A document reading device that divides document image data obtained by inputting a document containing multiple articles into regions for each article, and converts the character strings that make up each article into character code strings through character recognition. a central processing unit that controls processing; an image input unit that converts documents into images; and a storage device that stores input document images and the like;
An input/output terminal that displays the results of a series of processes and inputs commands, etc., a character string block extraction mechanism that extracts blocks that are the units that make up an article from the input document image, and the character string extraction block extraction A character extraction mechanism that extracts individual characters constituting a character string included in a block extracted by the mechanism; a character recognition mechanism that recognizes the individual characters extracted by the character extraction mechanism; A keyword extraction mechanism extracts keywords from the converted character string, and each block is extracted by comparing the similarity of the keywords extracted by the keyword extraction mechanism for each block extracted by the character string block extraction mechanism.

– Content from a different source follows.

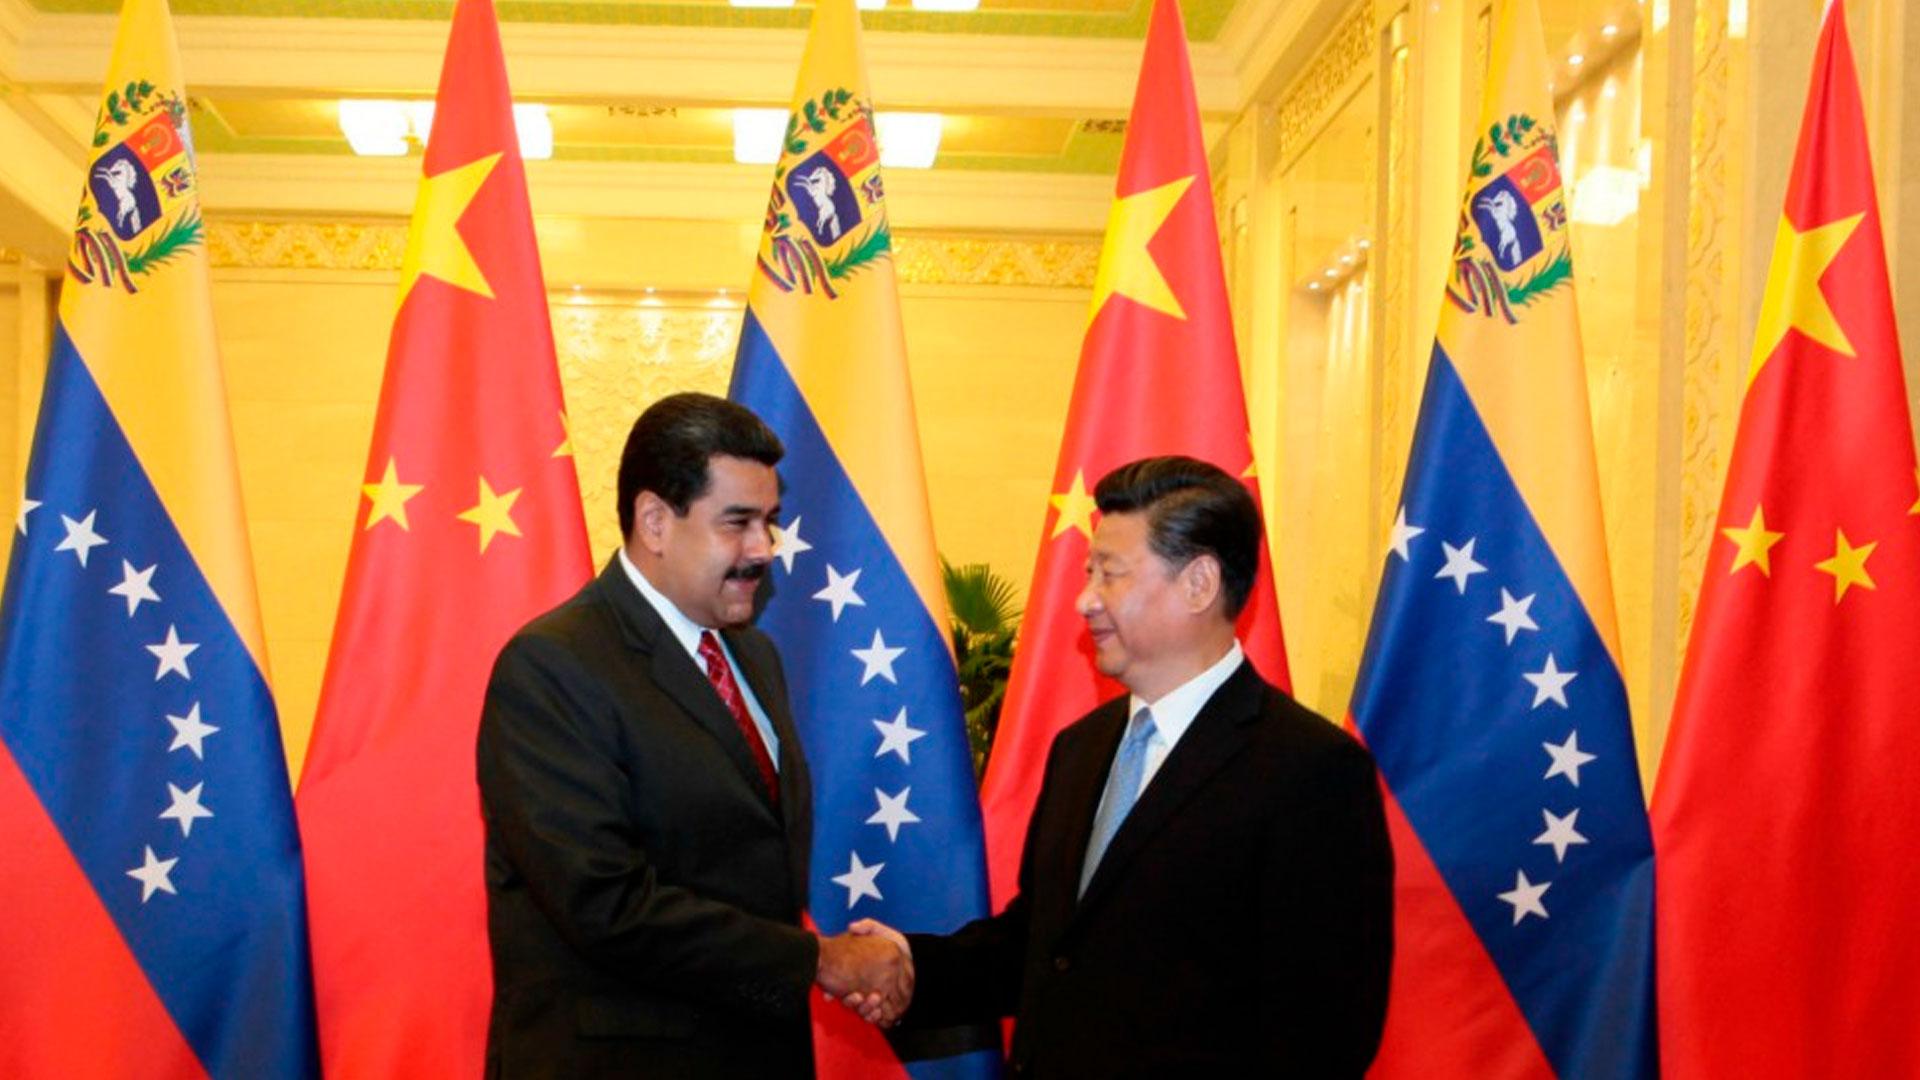 Nicolás Maduro y Xi Jinping se reunirán en China para fortalecer estratégicas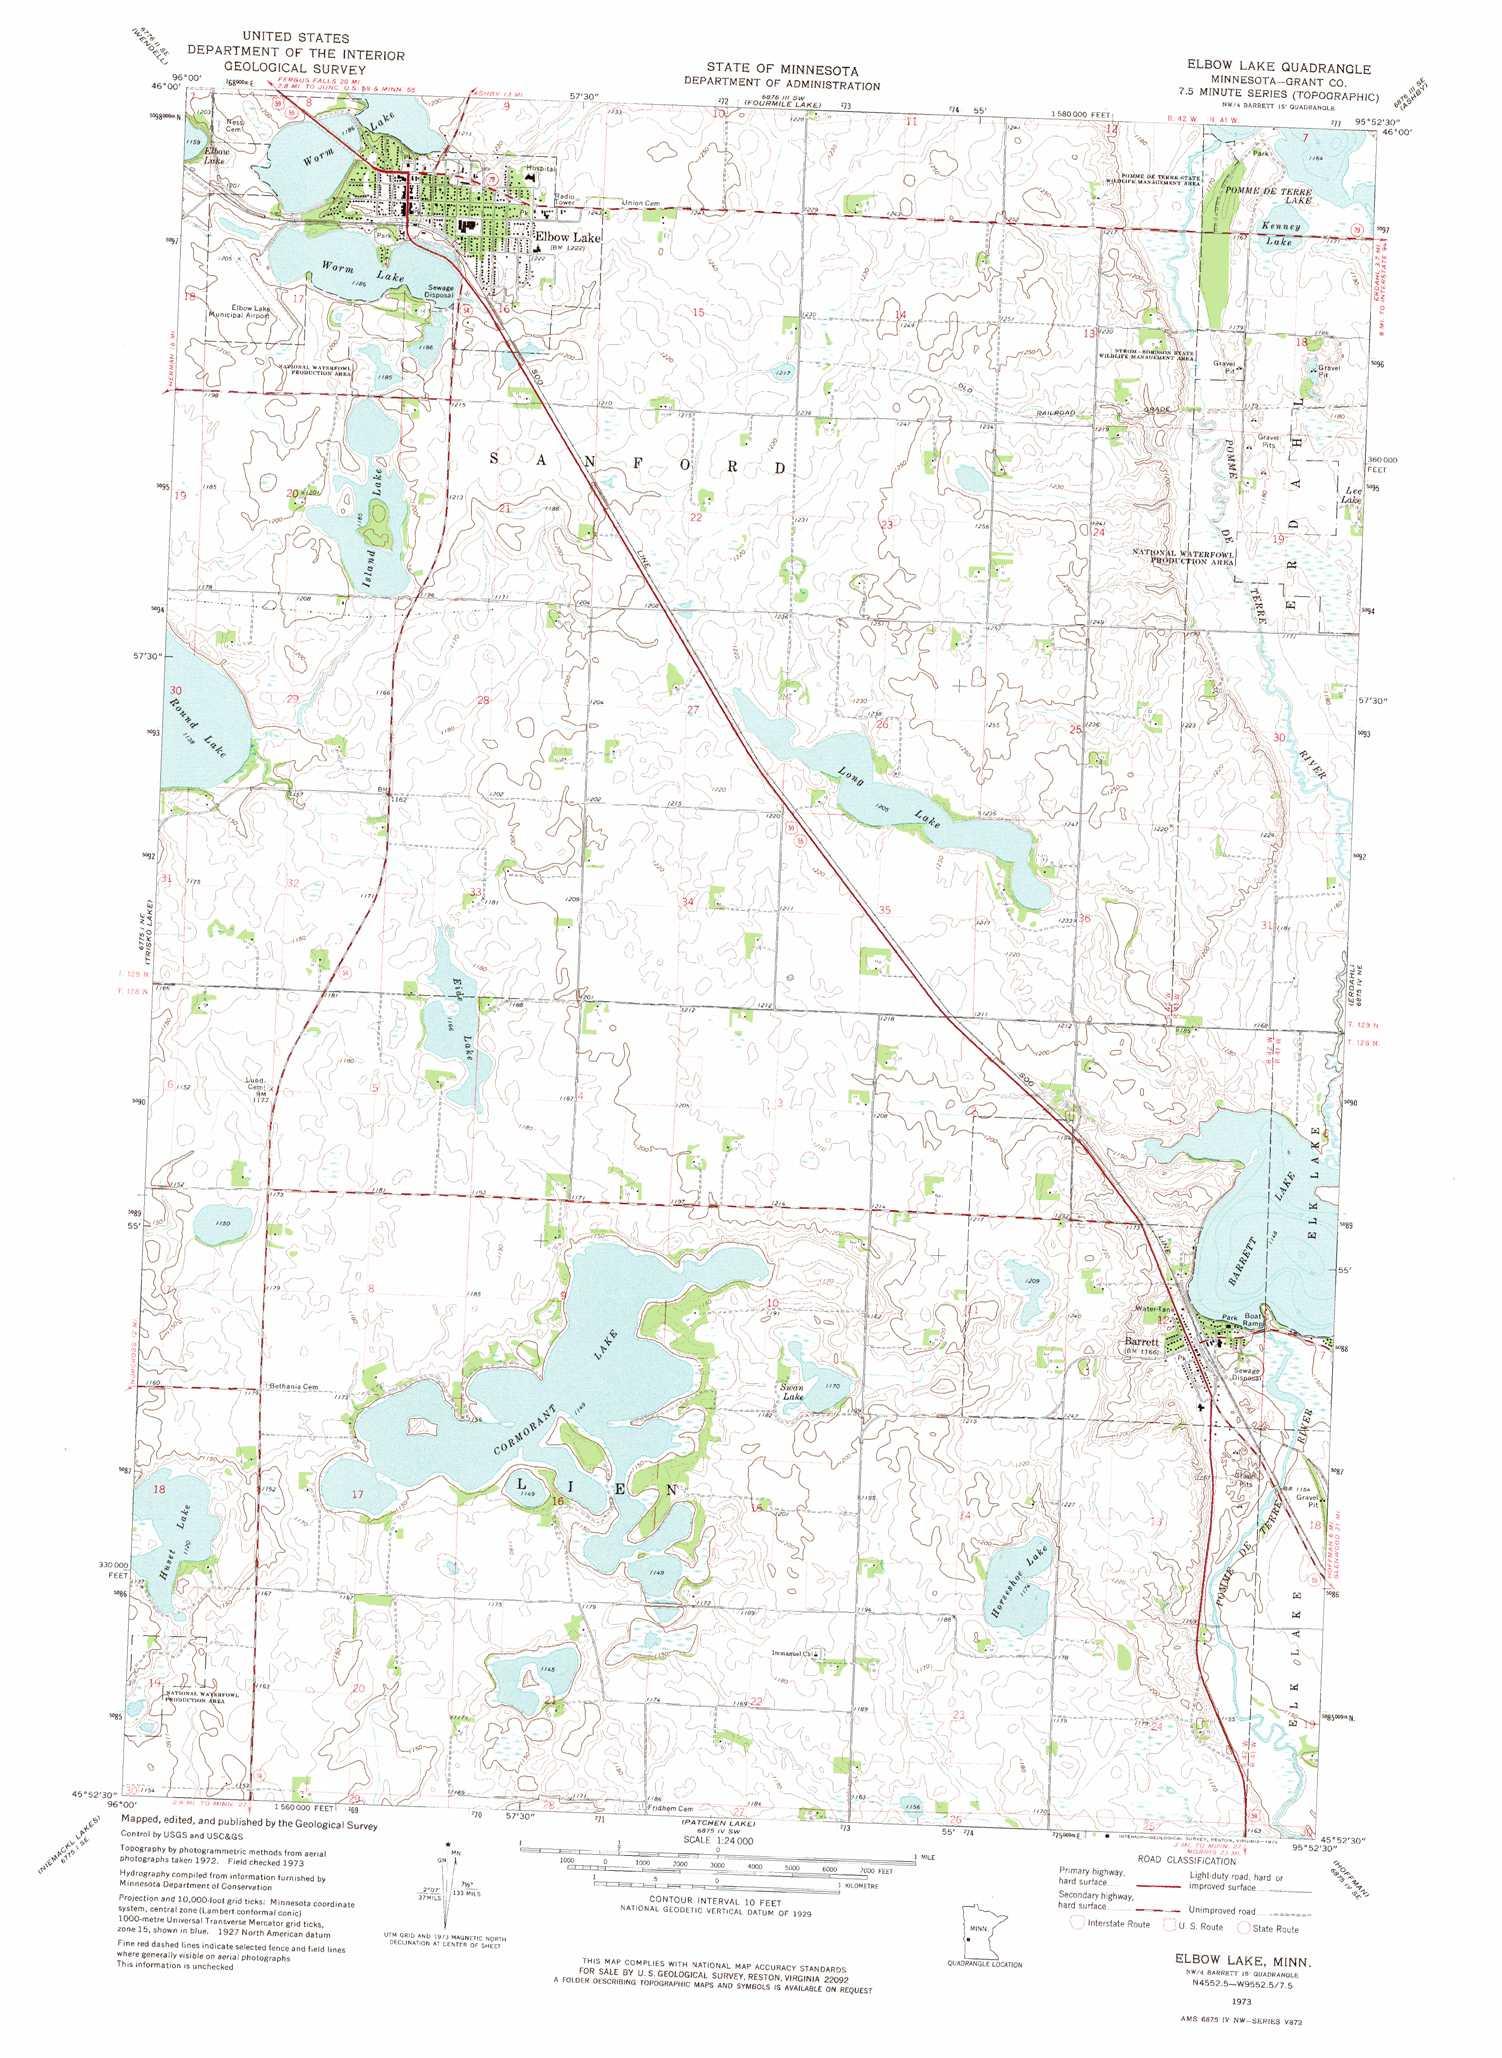 elbow lake mn map Elbow Lake Topographic Map Mn Usgs Topo Quad 45095h8 elbow lake mn map

A block determination mechanism that determines whether articles constitute the same article, and an individual article extraction mechanism that separates multiple articles arranged on the same paper page into articles based on the results obtained from the block determination mechanism. An article extraction method characterized by having the following.